Steve Sumarah

Current position
- Title: Head coach
- Team: Saint Mary's

Biographical details
- Born: Halifax, Nova Scotia
- Alma mater: St. Francis Xavier Saint Mary's

Playing career
- –: St. Francis Xavier

Coaching career (HC unless noted)
- 1998–2005: Saint Mary's (OC)
- 2006–2011: Saint Mary's
- 2012–2021: Carleton
- 2022: UBC (OC)
- 2022–present: Saint Mary's

Accomplishments and honors

Awards
- 2× Vanier Cup champion (2001, 2002); CIS Coach of the Year (2009); IFAF U19 World Championship (2018);

= Steve Sumarah =

Canadian gridiron football coach

Steven Sumarah is the head coach of the Saint Mary's Huskies of U Sports football. He has also been the head coach of the Canada National Junior Football Team since 2016. As the head coach, he led Team Canada to a IFAF World Junior Championship in 2018 with a 139–7 win over Team Mexico in Mexico City.

==Coaching career==
After serving as offensive coordinator for the Saint Mary's Huskies for eight seasons, Sumarah was promoted to head coach of the program in 2006. He led the team to four straight Loney Bowl championships including an appearance in the 2007 Vanier Cup game. He was named coach of the year in 2009.

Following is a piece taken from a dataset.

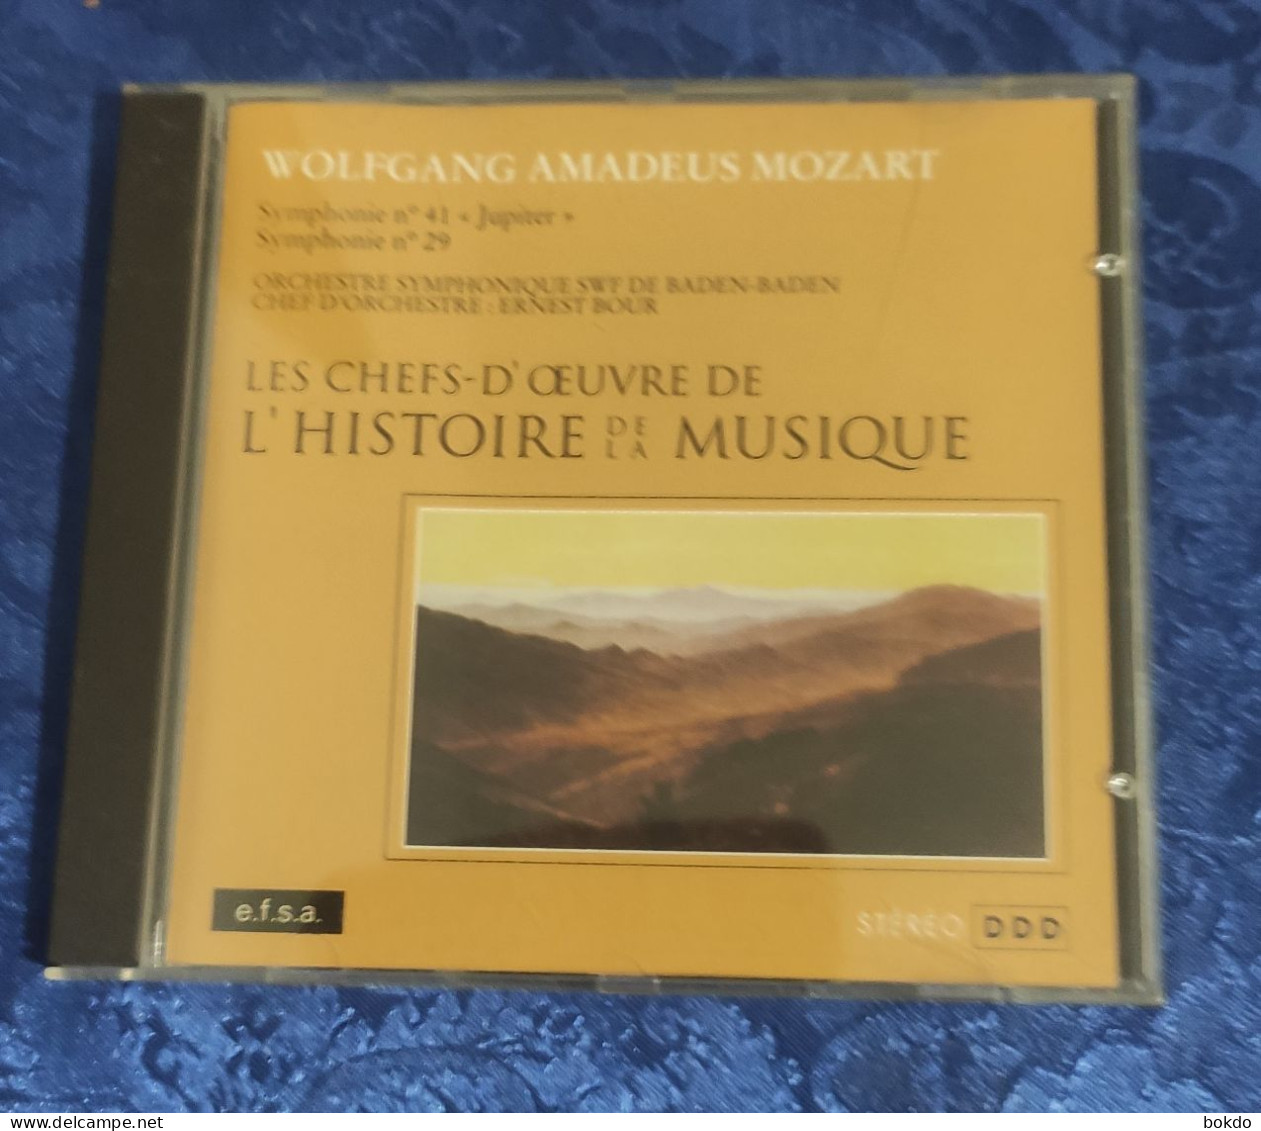 Mozart - Symphonie N° 41 Et N° 29 - Clásica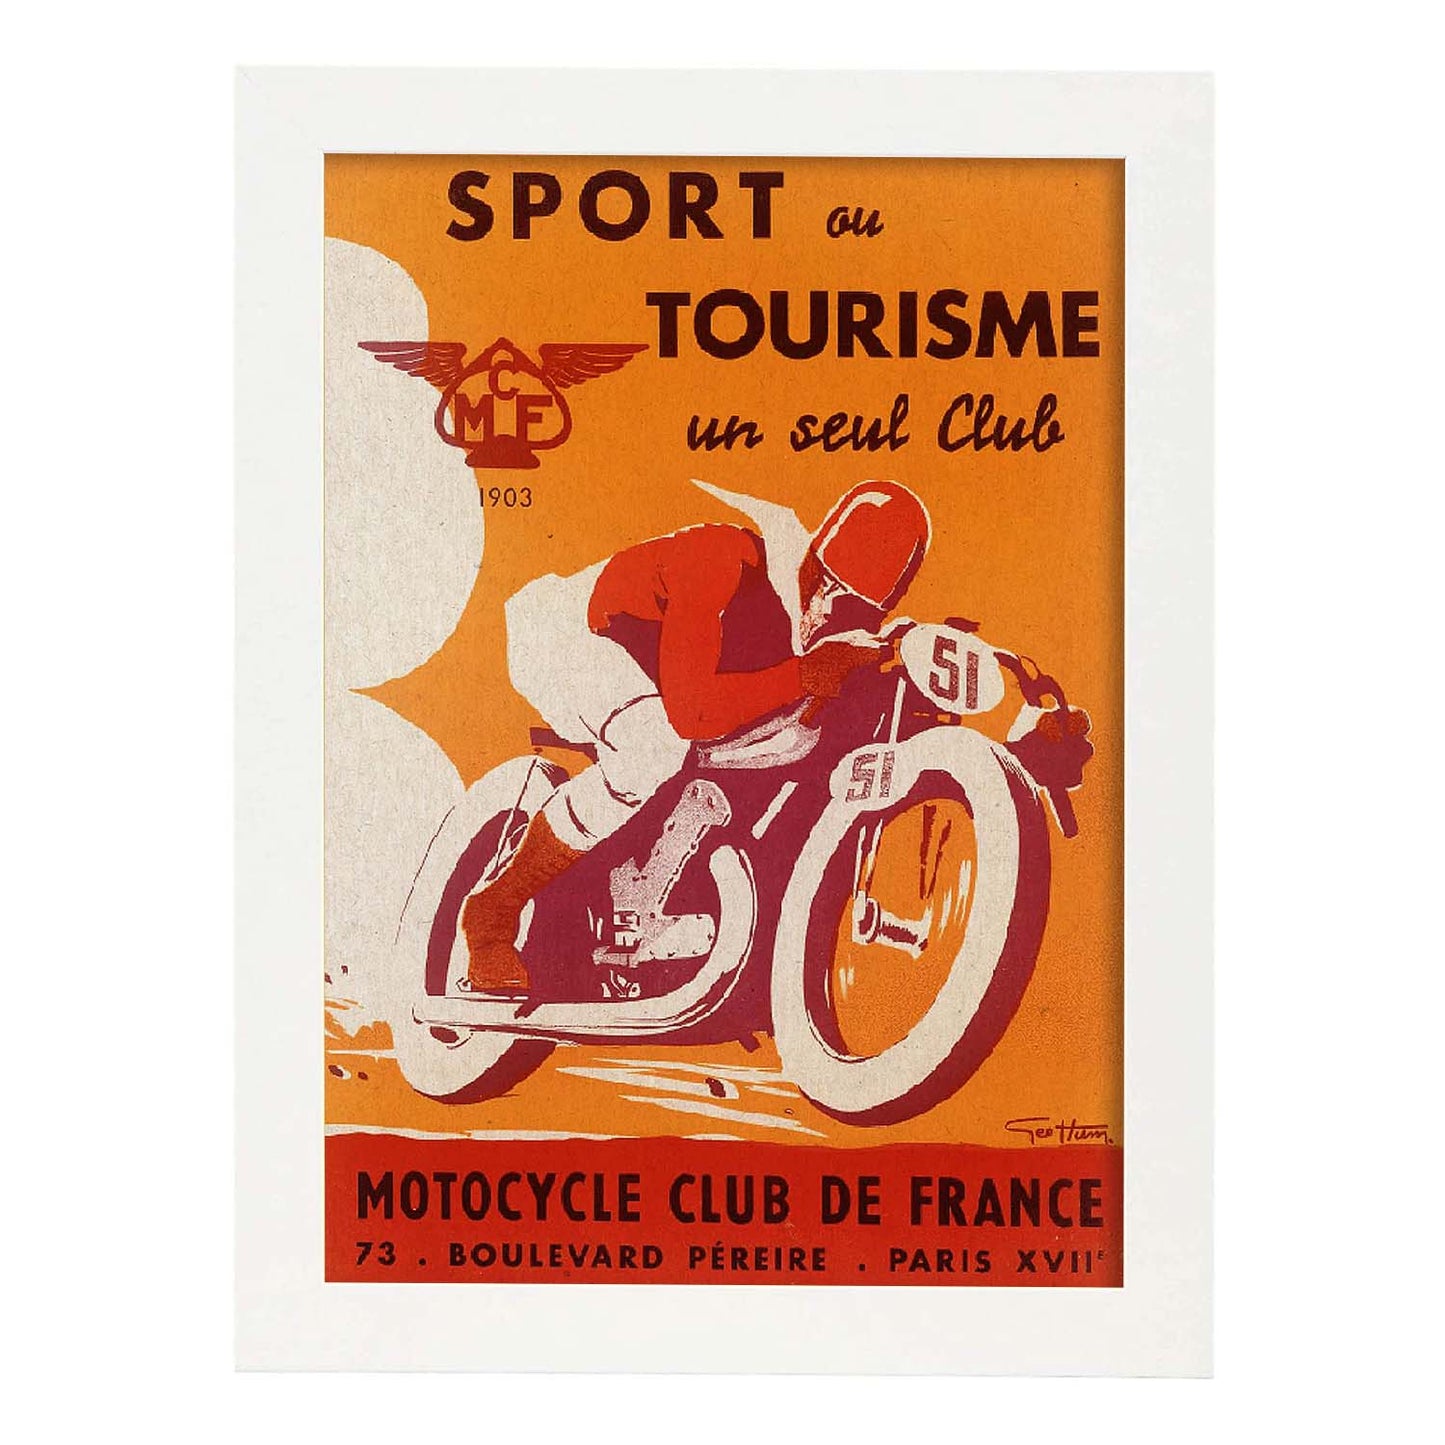 Poster vintage. Anuncio vintage del Sport ou Tourisme un seul Club Motorcycle Club de France.-Artwork-Nacnic-A4-Marco Blanco-Nacnic Estudio SL

After his dismissal from the Huskies, he was hired on January 16, 2012 to become the head coach of the Carleton Ravens, who began play in 2013. He was the head coach of the Ravens for eight seasons where he had a record of 29–33 before being dismissed on January 12, 2022.

On February 2, 2022, it was announced that Sumarah had been hired as the offensive coordinator for the UBC Thunderbirds, reuniting him with former Huskies head coach, Blake Nill. However, following the resignation of Saint Mary's Huskies' head coach James Colzie III in April 2022, Sumarah was hired to return to the Huskies football program as the team's head coach on June 8, 2022.

==Personal life==
Sumarah lives in Halifax with his wife, Amanda Hardiman, and has one daughter, Brooke, and two stepchildren, Ryan and Brianna.